Just like the man himself, the food of Tom Aikens has mellowed. From the long gone enfant terrible days of Pied a Terre, to the master of his eponymous restaurant, there is now a greater assurance, a confidence that comes with experience. This means that the menu has stabilized. Whilst there are still exciting combinations and a creative spark, gone are the frenetic days when the set lunch menu changed daily; and whilst seasonal changes are reflected on the carte, established favourites remain. Not that the quest for more stars has diminished. Indeed, one is constantly delighted by the genius and generosity that characterise his style.
Whether choosing from the set lunch menu or the carte, diners can be assured of well sourced ingredients, precision of timing, and fullness of flavour. Combinations of fish and meat are paired without the clashing of tastes and textures. From the amuses- bouches, through the six different types of bread including an excellent bacon brioche, to the pre desserts and petits fours, the attention to detail is meticulous. Nor are luxuries absent from the cheaper options: a set lunch featured scallops, foie gras and Anjou pigeon. Prices are very fair indeed for a rising two Michelin star restaurant: £30 or £65 for three courses on the set lunch and the carte respectively.
An amuse bouche of lobster meat, jelly and lime foam was light and zesty, perfectly serving its purpose of stimulating the palate. A brilliant set menu starter saw a large roasted scallop, its caramelized sweetness perfectly balanced by crisp pickled carrots, flecked with herby nasturtium flowers.
On the carte, plump langoustines were roasted and served in a tempura-style beignet. The braised pig’s cheek and ginger sauce offset the crustacean well, although the dish did not benefit from the pig’s cheek beignet.
Breast of Anjou pigeon, marinated in almond milk, was gently cooked to conserve its tenderness.

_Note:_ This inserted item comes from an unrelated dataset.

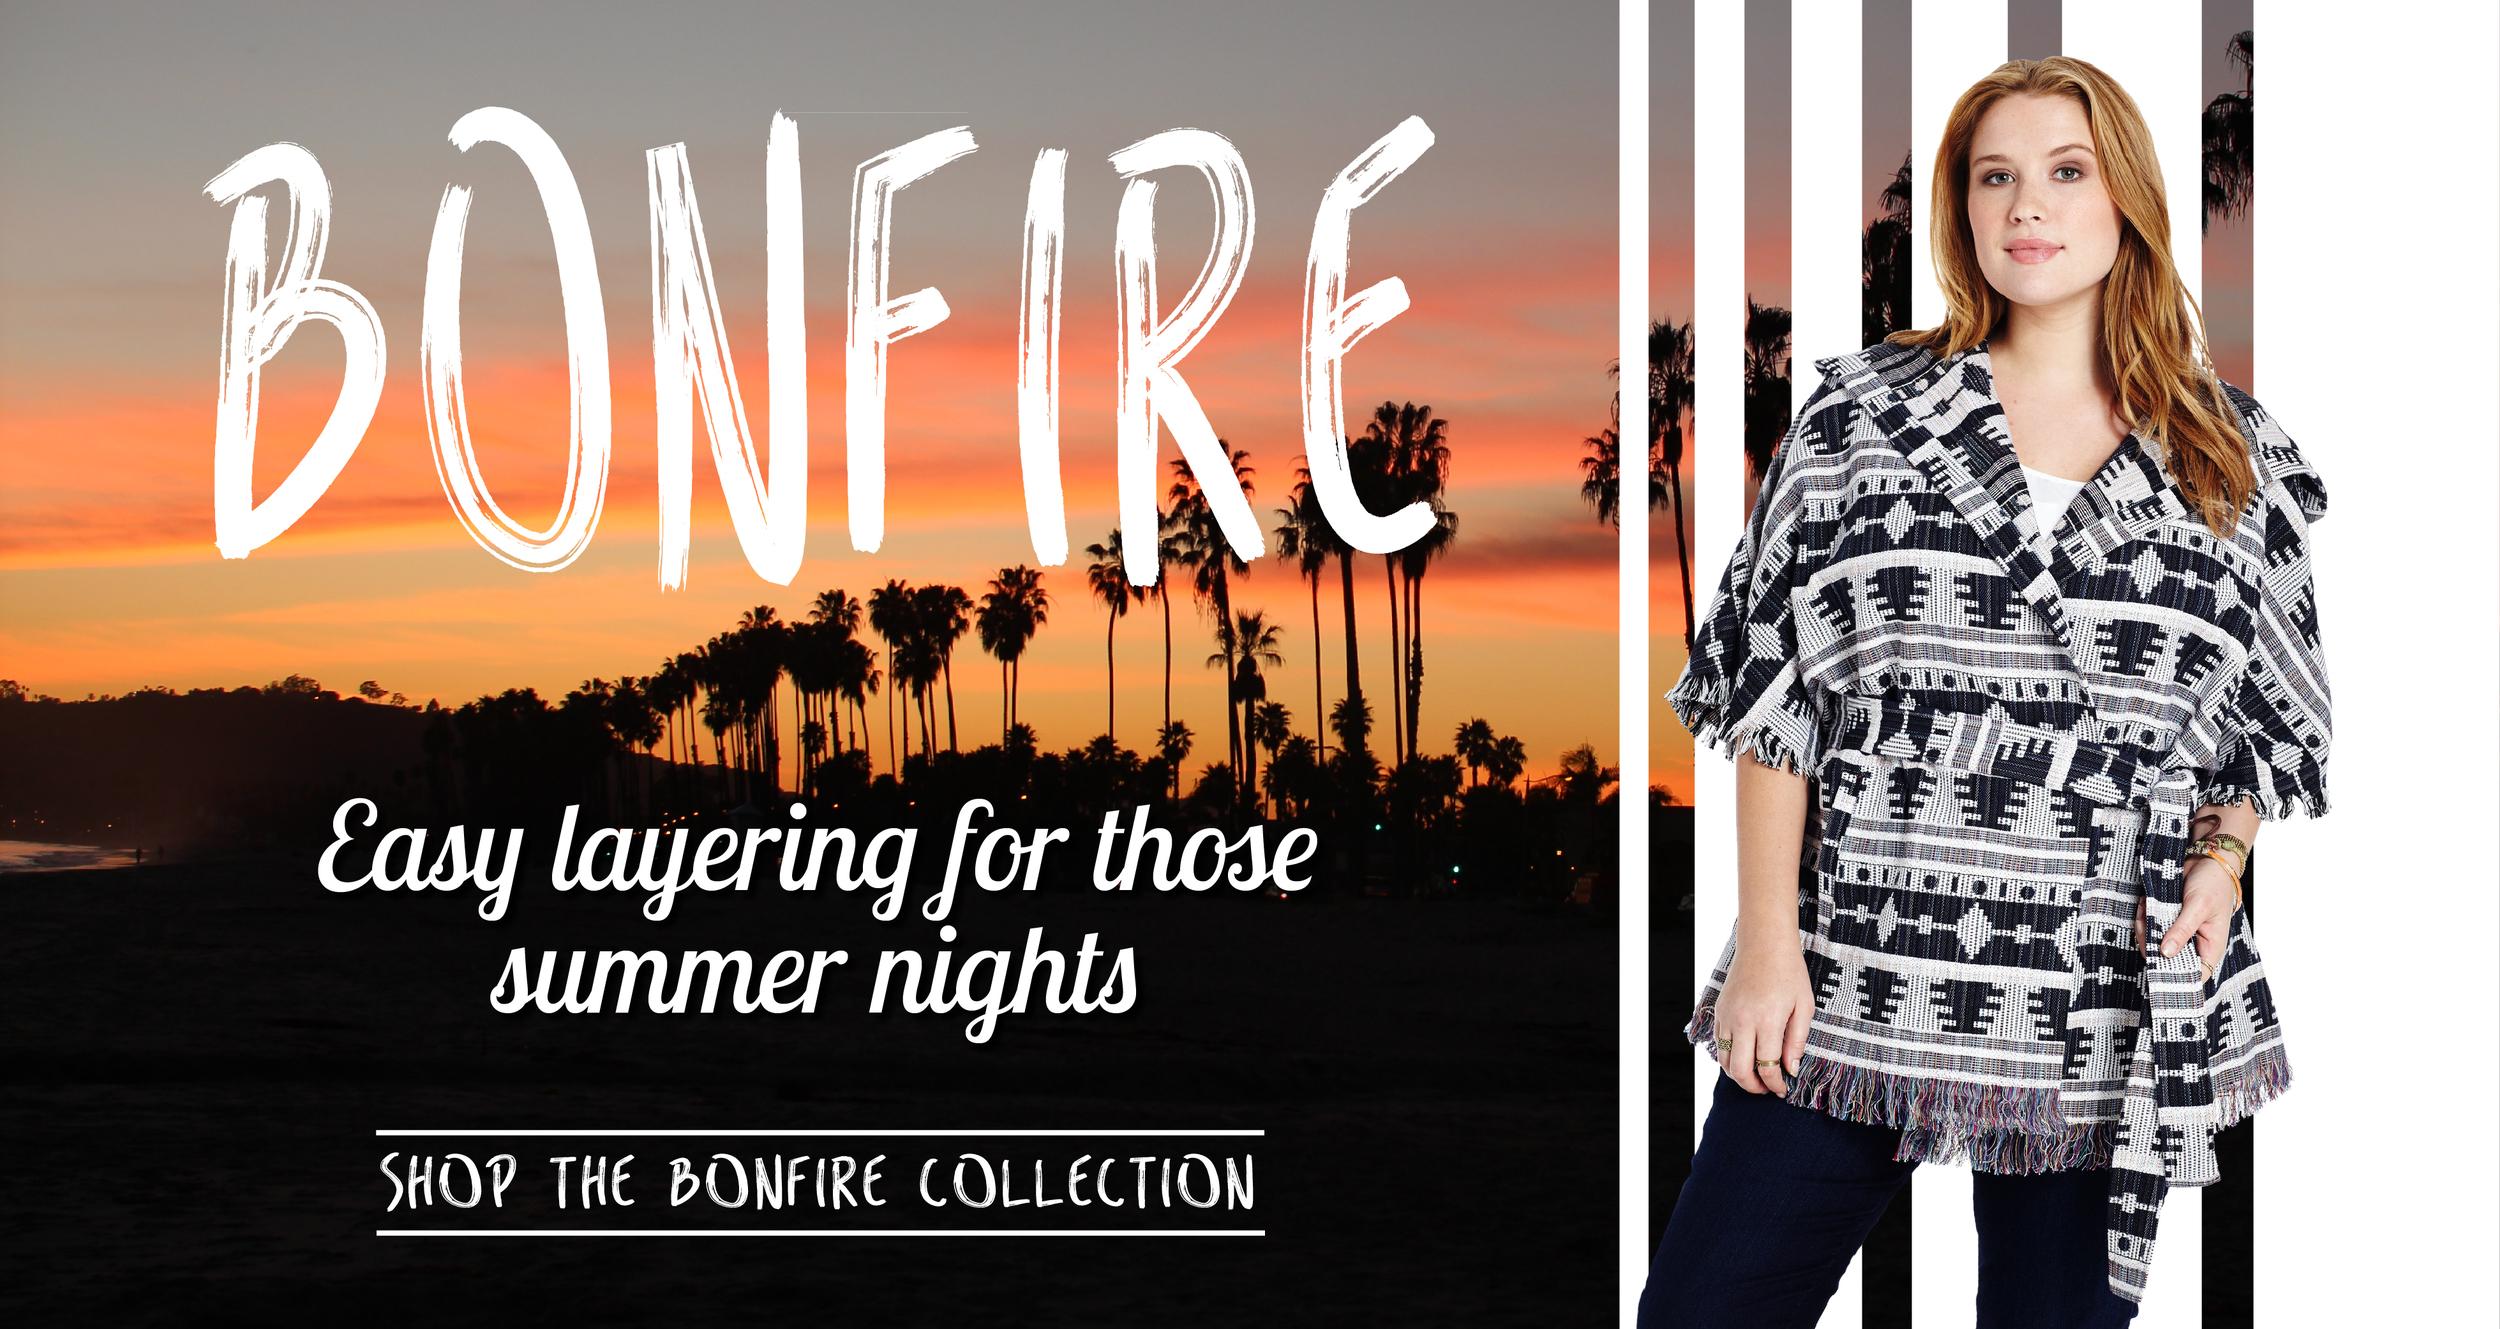 BonfireNights_Homepage_Option3-01.jpg

It was served with confit leg and a fig puree to counter the gaminess of the meat. A beef dish from the carte was outstanding in its conception and execution. The roasted fillet, topped with summer truffles, was perched on a disc of ox tongue and duxelles, and enhanced by cubes of bone marrow. A port and truffle sauce of great intensity added to the uncompromising richness of the dish. The ratte potato, with its nutty texture and buttery flavour, was a perfect vehicle for a mash.

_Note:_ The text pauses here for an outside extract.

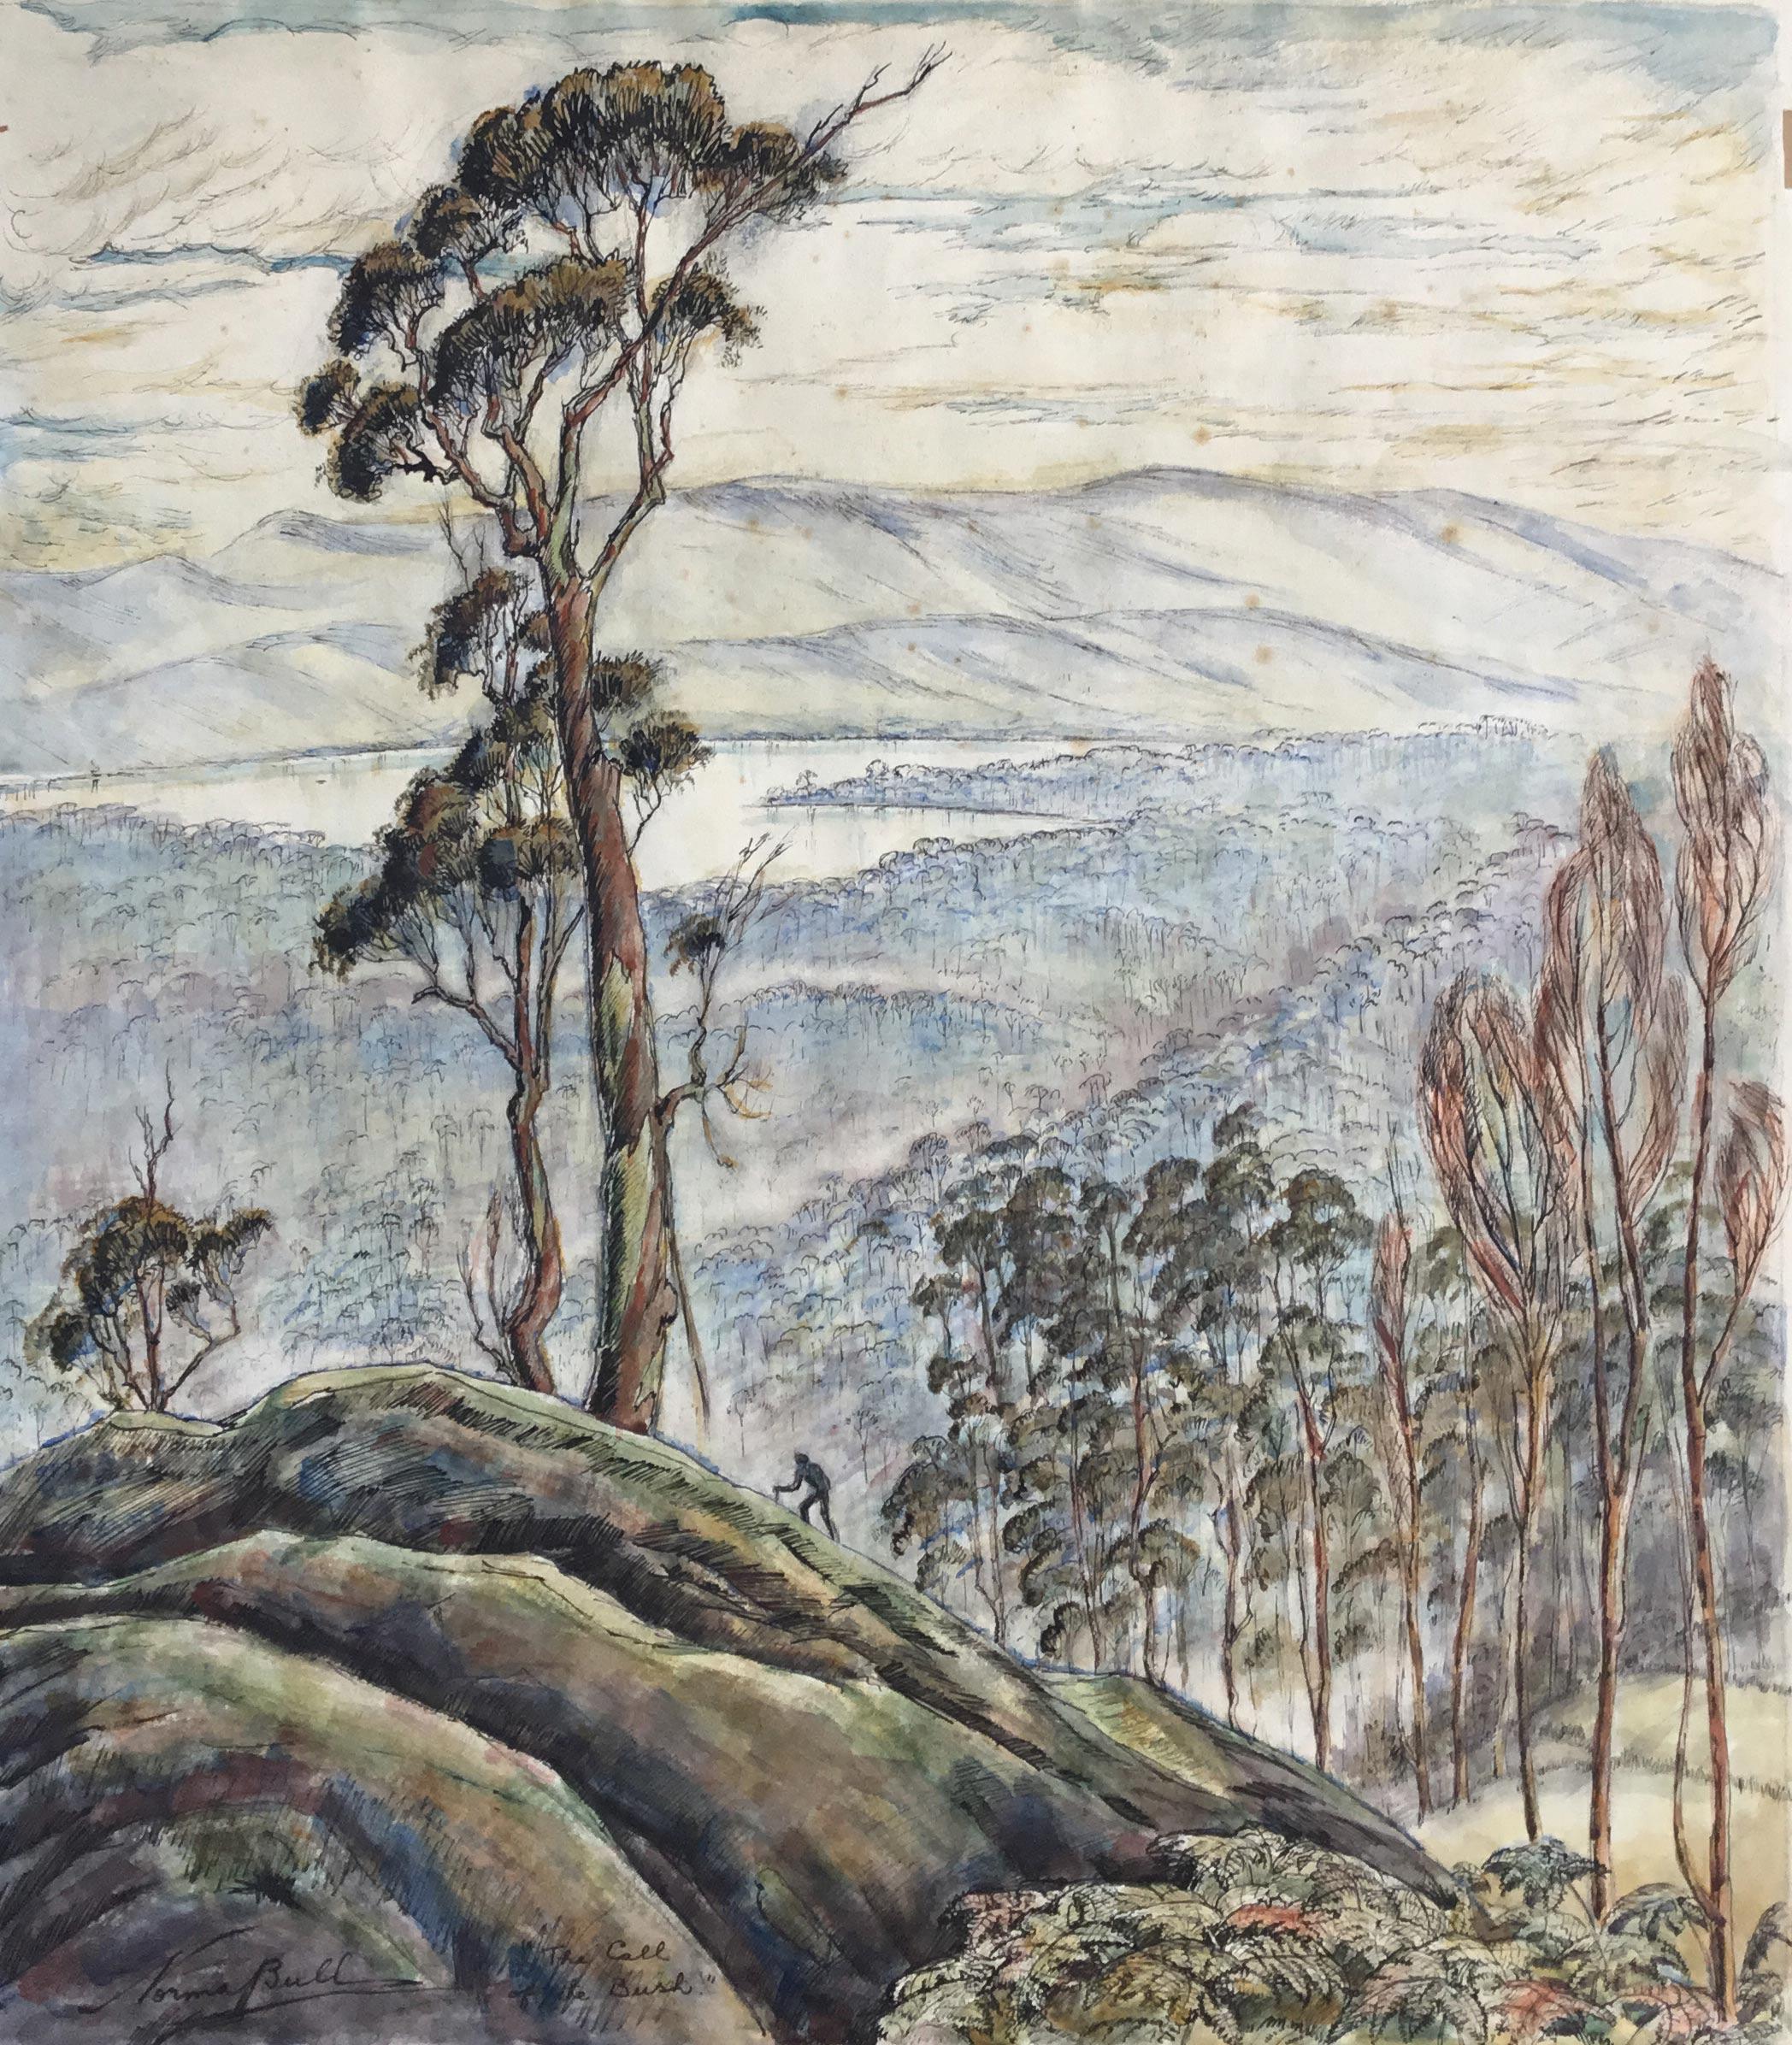 NORMA BULL (1906 - 1980)

Desserts reach the same stellar levels. A trio of panacotta, ice cream and mousse revealed exemplary consistency in all three elements. The black truffle in the panacotta and ice cream exuded a heady fragrance which complimented the white chocolate elements in the dish. Poached strawberries with pannacotta, vanilla ice cream and mint syrup from the set menu proved a most refreshing summer dessert.
Special mention should be made of the petits fours, surely the best in the country. Whist other top restaurants have taken short cuts, Tom Aikens has extended the boundaries. A tray of fruit compotes, flavoured sugared tuiles, warm madeleines, truffles, and “tasting” spoons is presented with justifiable pride. This would be a good reason to opt for cheese instead of dessert, allowing the petits fours to add the sweet note. Surely they are a loss leader at £5, including coffee?!
Service is highly professional, being well informed, helpful and unobtrusive. The sommelier Gearoid Devaney is happy to suggest matching wines for each course without breaking the bank. Of particular note was the unusual Ice cider Leduc- Piedimonte 2006 which enhanced the poached strawberries.
Food of this accomplishment is well served by the sophisticated elegance of the restaurant itself. Generously proportioned round tables are well spaced in a room of white and black minimalist lines. Spotlighting is supplemented by table lamps perched above the bamboo window screens. Set in a quiet residential Chelsea street, hard to find for newcomers, the modest entrance belies the grandeur of the cooking within. Overall, the chef patron goes from strength to strength, having achieved numerous accolades, and definitely worthy of at least two Michelin stars. One feels it is only a matter of time before this and more is achieved.